Kita ambil contoh kata “tukas” yang sampai sekarang masih banyak dipergunakan para wartawan tanpa menyadari kesalahan penggunaannya.

Contohnya dalam kalimat: “Saya berani jamin, yang dilakukannya sudah benar,” tukas kepala stasiun kereta api itu. Jelas benar, pemakaian kata “tukas” pada kalimat ini salah.

Boleh jadi wartawan yang menulisnya menyangka kata “tukas” pada kalimat itu memiliki arti “tegas”. Oleh karena itu setelah tanda kutip dia memakai kata “tukasnya”.

Tentu saja pemakaian kata “tukas” dalam kalimat itu pengertiannya menjadi sangat kabur, dan bahkan kontradiktif.

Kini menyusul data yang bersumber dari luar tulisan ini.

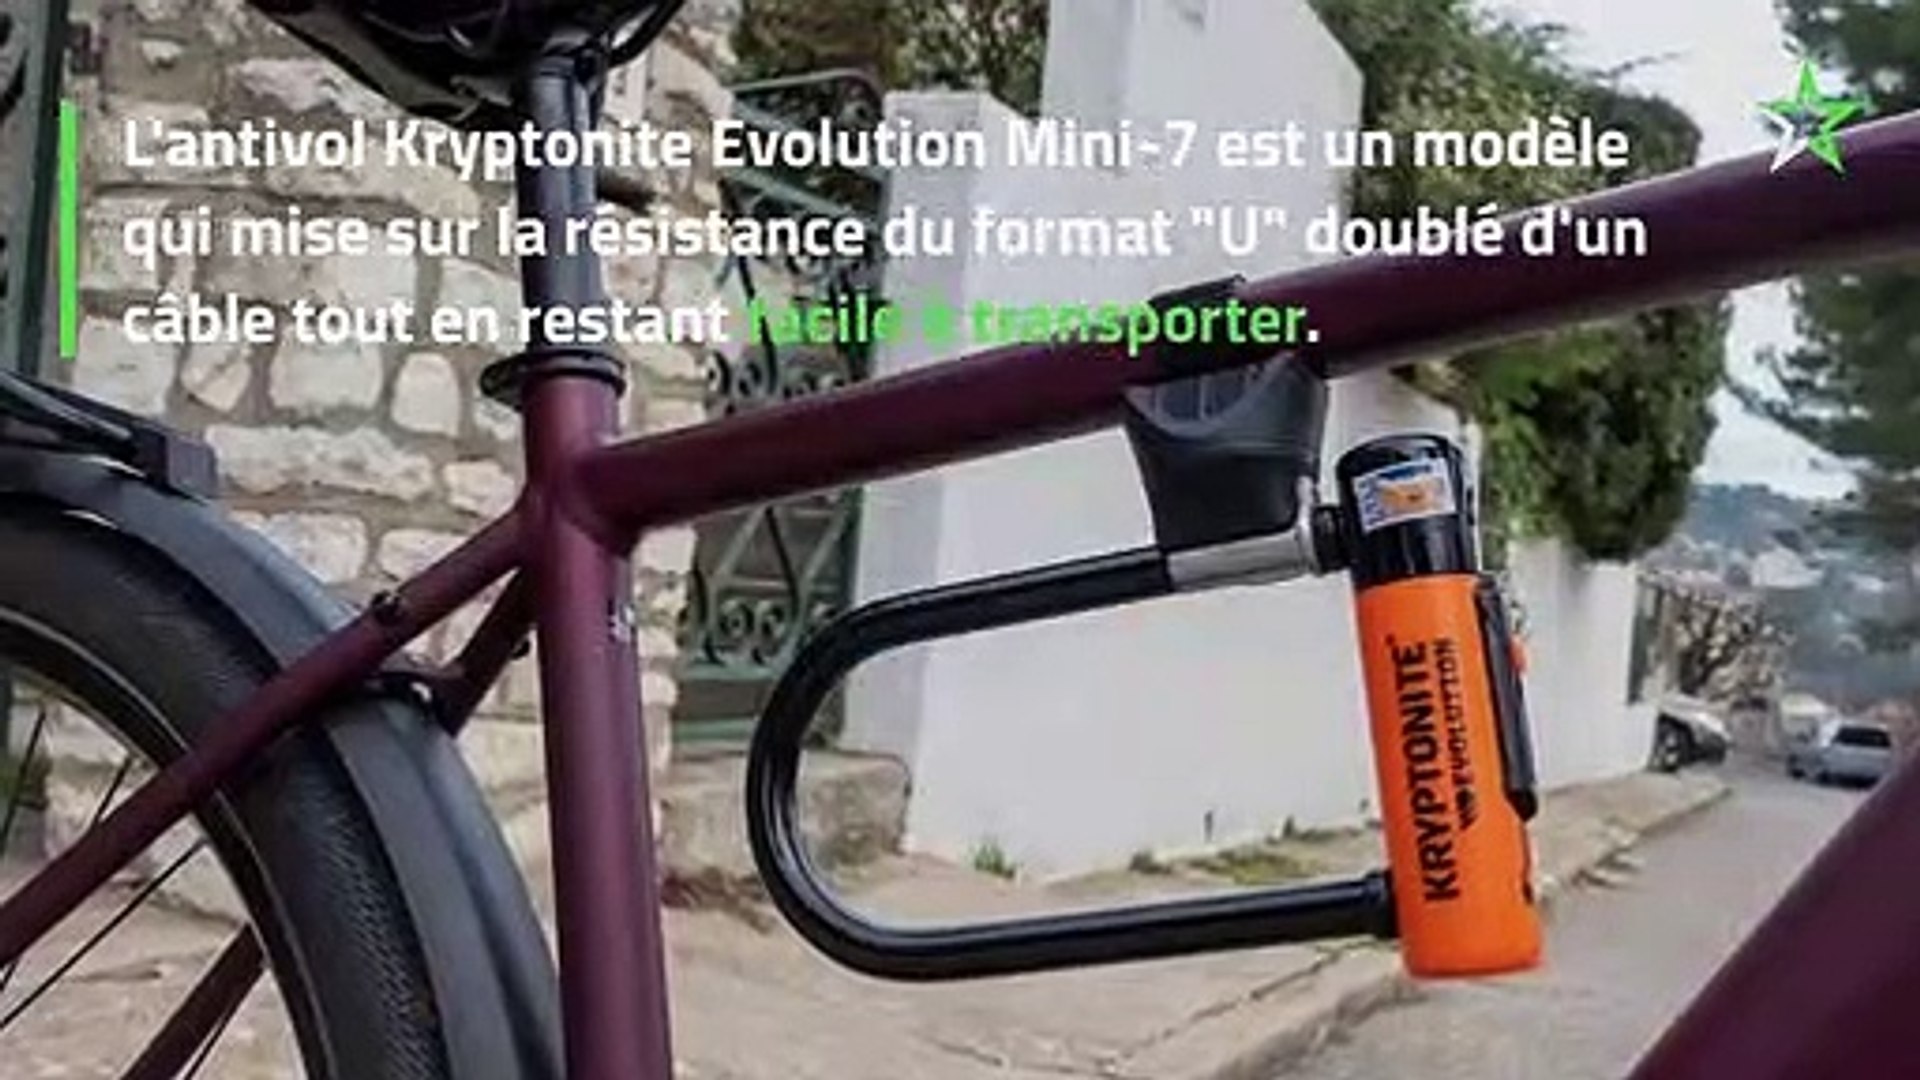 Kryptonite Evolution Mini 7 Antivol en U pour vélo et câble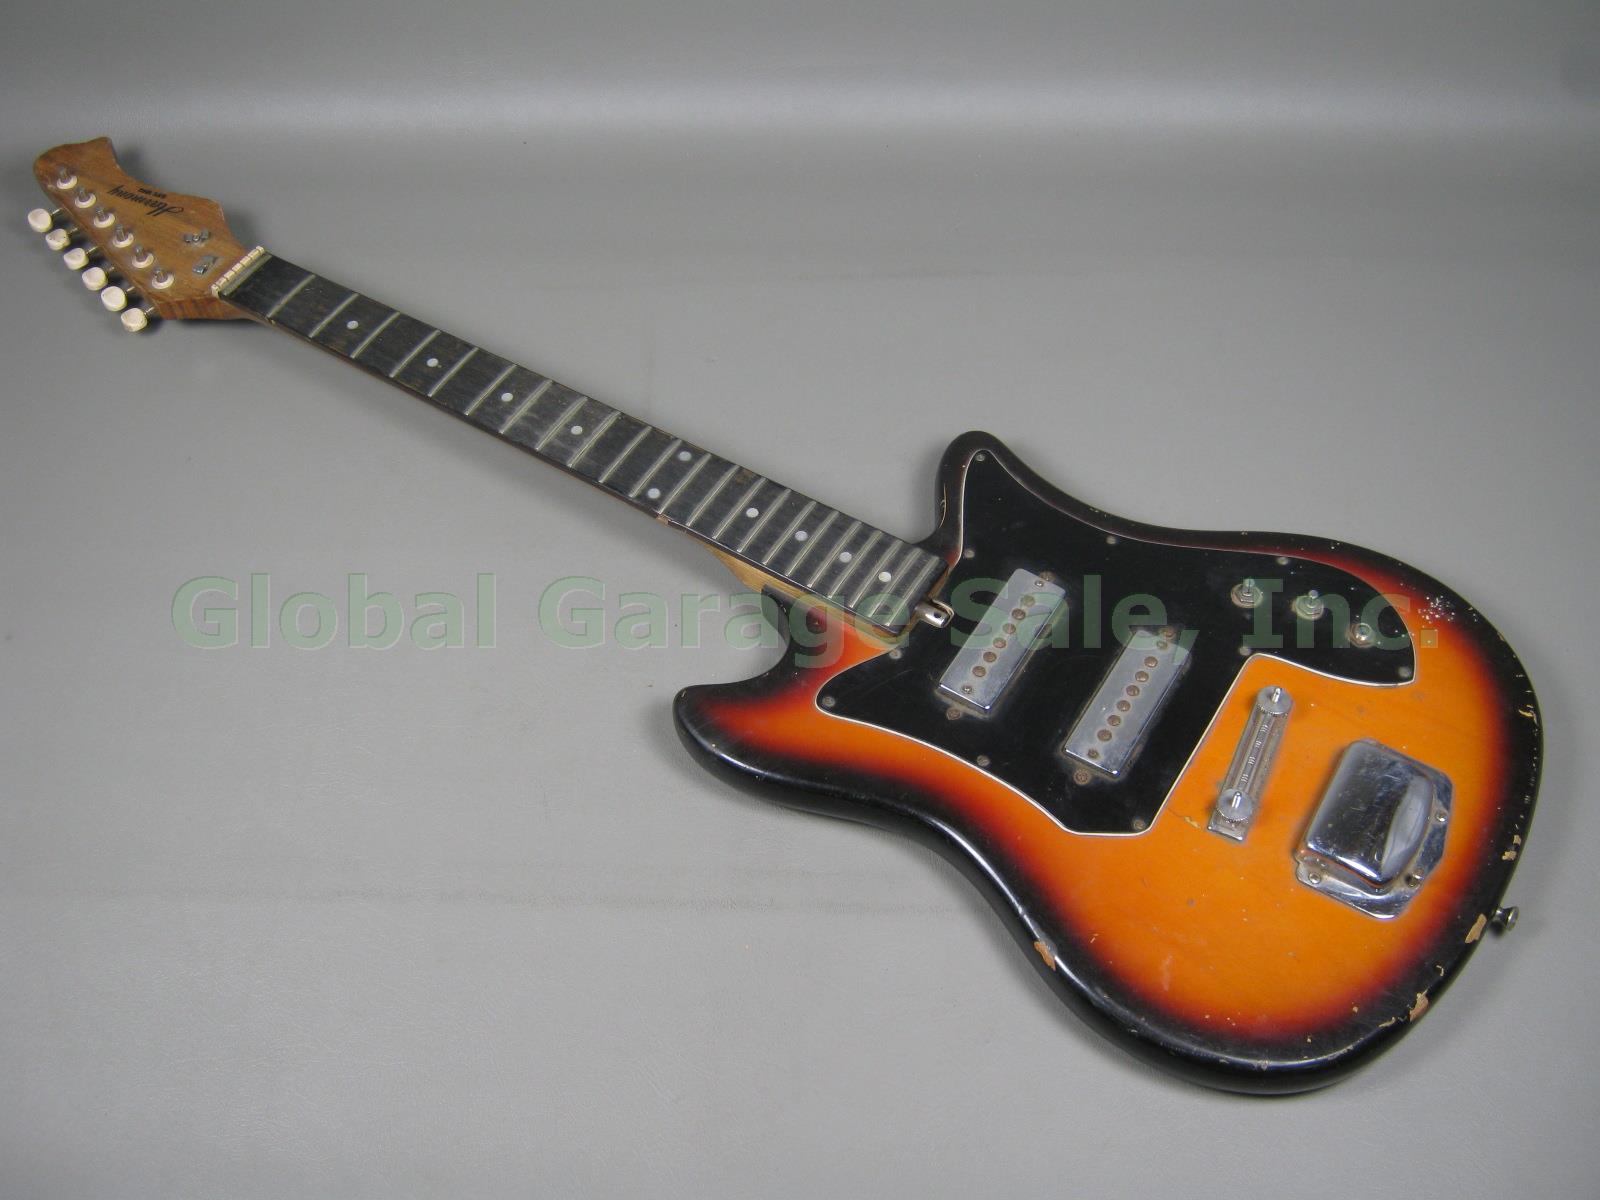 Vtg Harmony Electric Guitar MIJ? Japan? Lawsuit Era? As-Is For Parts Or Repair

Lihat lah arti kata tukas dalam KUBI karya Poerwadarminta:

tukas I, menukas(i) : menuduh tidak dengan alasan yang cukup (asal menuduh saja);
tukasan: tuduhan yang tidak beralasan.
tukas II M: ulang;

bertukas-tukas : mengulang-ulang (datang dan sebagainya);
menukas : mengulang lagi (permintaan, jawab, minum obat, panggilan dan sebagainya)

tukas III: sb rotan (yang biasa dipakai untuk menjerat binatang buas).

Kata “tukas” yang digunakan wartawan dalam kalimat di atas tidak sesuai dengan satu pun makna “tukas”, yaitu menuduh sembarangan, mengulang-ulang, atau rotan penjerat.

Sampai sekarang kata “tukas” masih banyak digunakan oleh para wartawan dalam konteks yang keliru.

Biasanya setelah mendapat paparan mengenai penggunaan kata yang salah dalam pelatihan satu angkatan wartawan, peserta dapat memahaminya dan menanggalkan kebiasaan menggunakan kata yang tidak tepat atau salah.

Walaupun demikian, urusan tidak selesai. Para wartawan di luar angkatan yang ikut pendidikan masih senantiasa menggunakan kata tanpa memahami maknanya.

Ada baiknya wartawan sebelum memakai sebuah kata yang populer memeriksa lebih dulu maknanya di kamus, apa arti sebenarnya kata yang akan dipakai.

Apalagi sekarang tidak perlu repot membawa kamus bahasa Indonesia ke mana-mana karena sudah banyak kamus bahasa Indonesia dalam bentuk digital.

Wartawan sebagai salah satu mercusuar masyarakat harus berhati-hati dalam memilih kata.